The 1997–98 NBA season was the 30th season for the Phoenix Suns in the National Basketball Association. In the off-season, the Suns acquired Antonio McDyess from the Denver Nuggets in a three-team trade, and signed free agents Clifford Robinson, and George McCloud. Danny Ainge returned for his first full season as the Suns head coach, as they won nine of their first eleven games, which included a 140–139 quadruple overtime road win over the Portland Trail Blazers on November 14, 1997. The Suns continued to play competitive basketball holding a 31–15 record at the All-Star break. At midseason, the team traded Cedric Ceballos to the Dallas Mavericks in exchange for three-point specialist Dennis Scott, as they posted a ten-game winning streak between March and April, winning eleven of their final twelve games of the season. The Suns posted a 56–26 record as members of the Pacific Division, finishing third in their division and fourth in the Western Conference. All home games were played in America West Arena.

The team's top scorer Rex Chapman, who averaged 15.9 points per game, was part of a Suns offense that included four other players averaging double-digits in points in McDyess, Robinson, Danny Manning and Jason Kidd. Kidd was the team's sole member to be selected as a member of the 1998 NBA All-Star Game, averaging 11.6 points, 6.2 rebounds, 9.1 assists and 2.0 steals per game. He also finished second in the league in assists. In addition, McDyess averaged 15.1 points, 7.6 rebounds and 1.7 blocks per game, while Robinson provided the team with 14.2 points and 5.1 rebounds per game. Manning averaged 13.5 points and 5.6 rebounds per game off the bench, and was named Sixth Man of the Year, but did not play in any of the Suns' playoff games due to a knee ligament. Kevin Johnson only played in just 50 games, starting in just 12 of them due to tendinitis in his right knee, as he averaged 9.5 points and 4.9 assists per game, while also off the bench, second-year guard Steve Nash contributed 9.1 points and 3.4 assists per game, and McCloud contributed 7.2 points per game.

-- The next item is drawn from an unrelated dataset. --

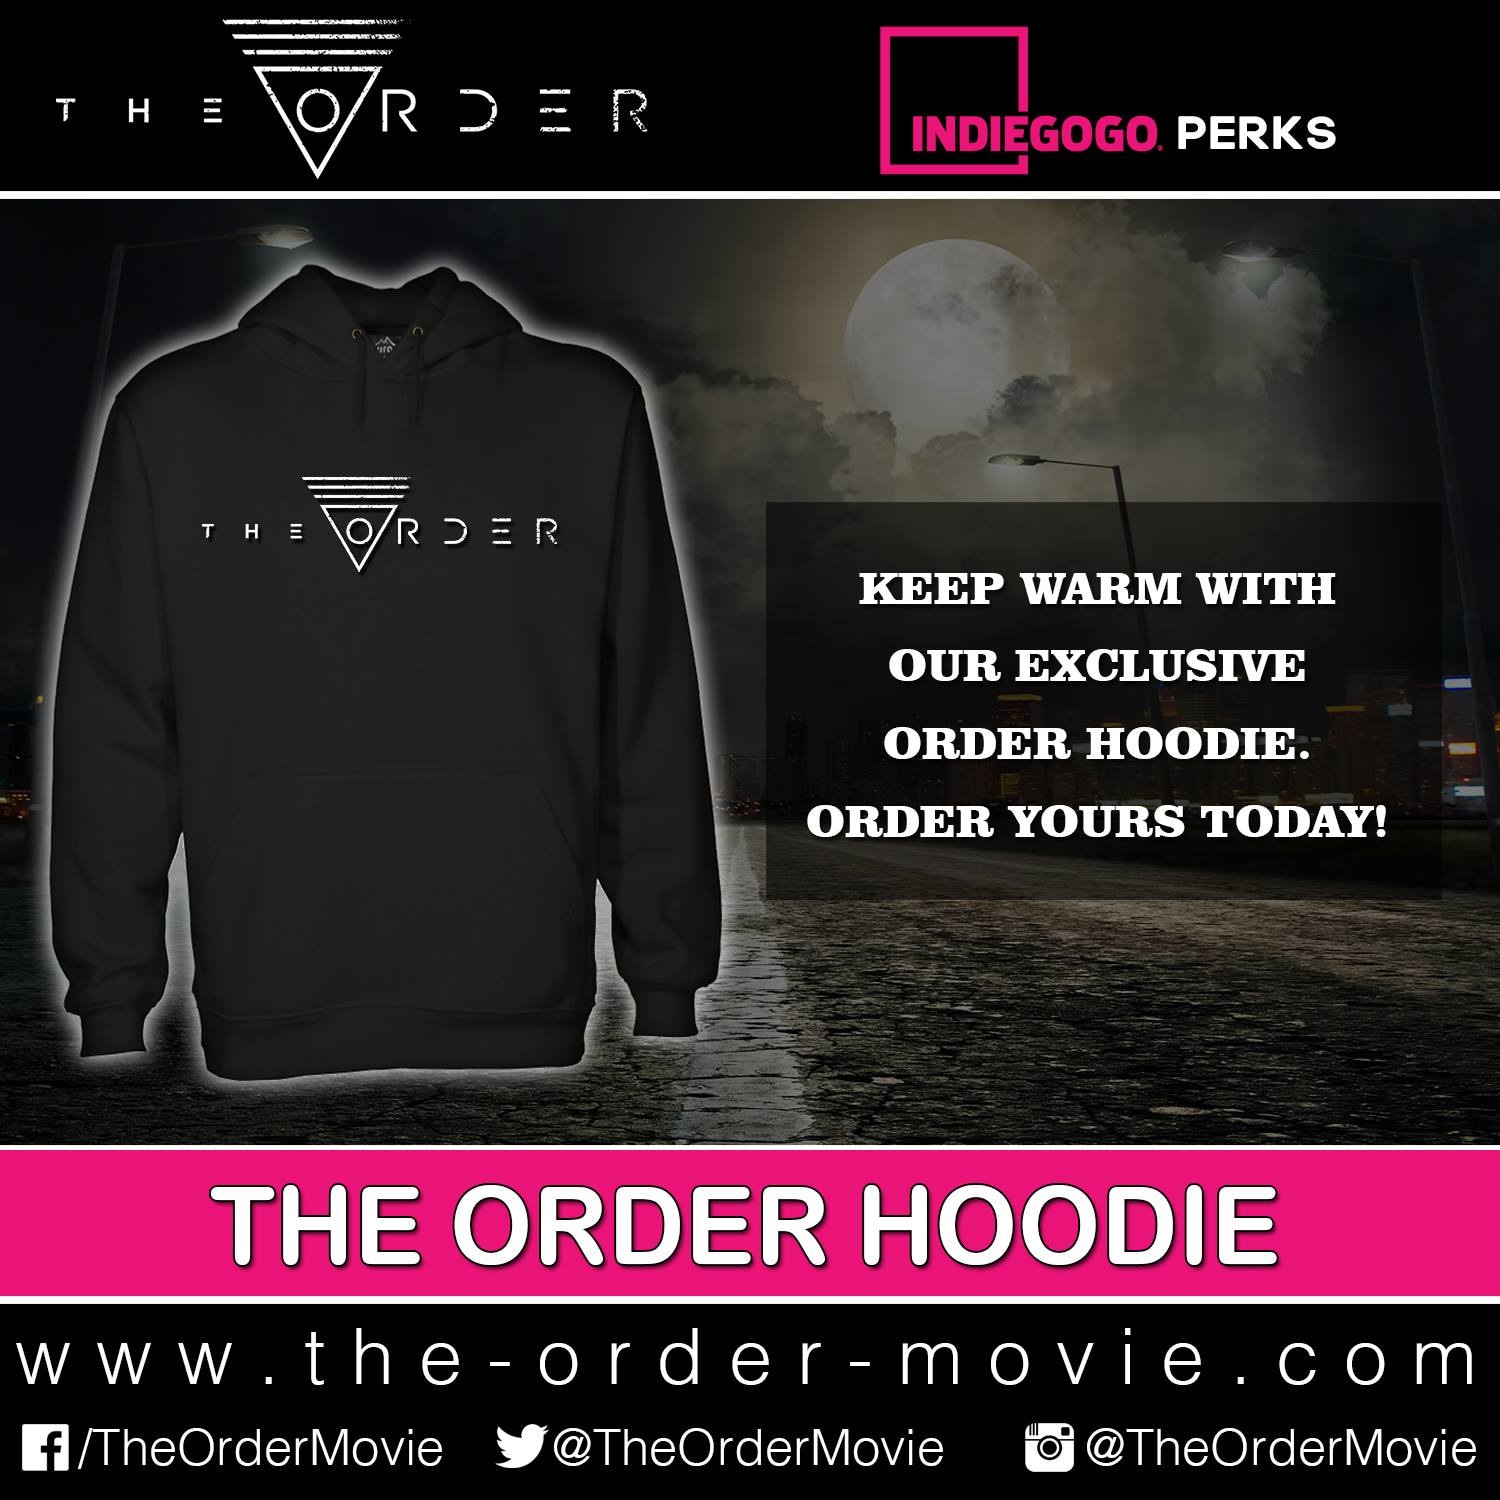 The Order Indiegogo 5.7 2015 94 min 6331 views. the order indiegogo

The Suns would make their 10th consecutive playoff appearance. In the Western Conference First Round, they faced off against the 5th-seeded San Antonio Spurs, who were led by David Robinson, and Rookie of the Year, Tim Duncan. Despite having home-court advantage in the series, the Suns would lose to the Spurs, three games to one. 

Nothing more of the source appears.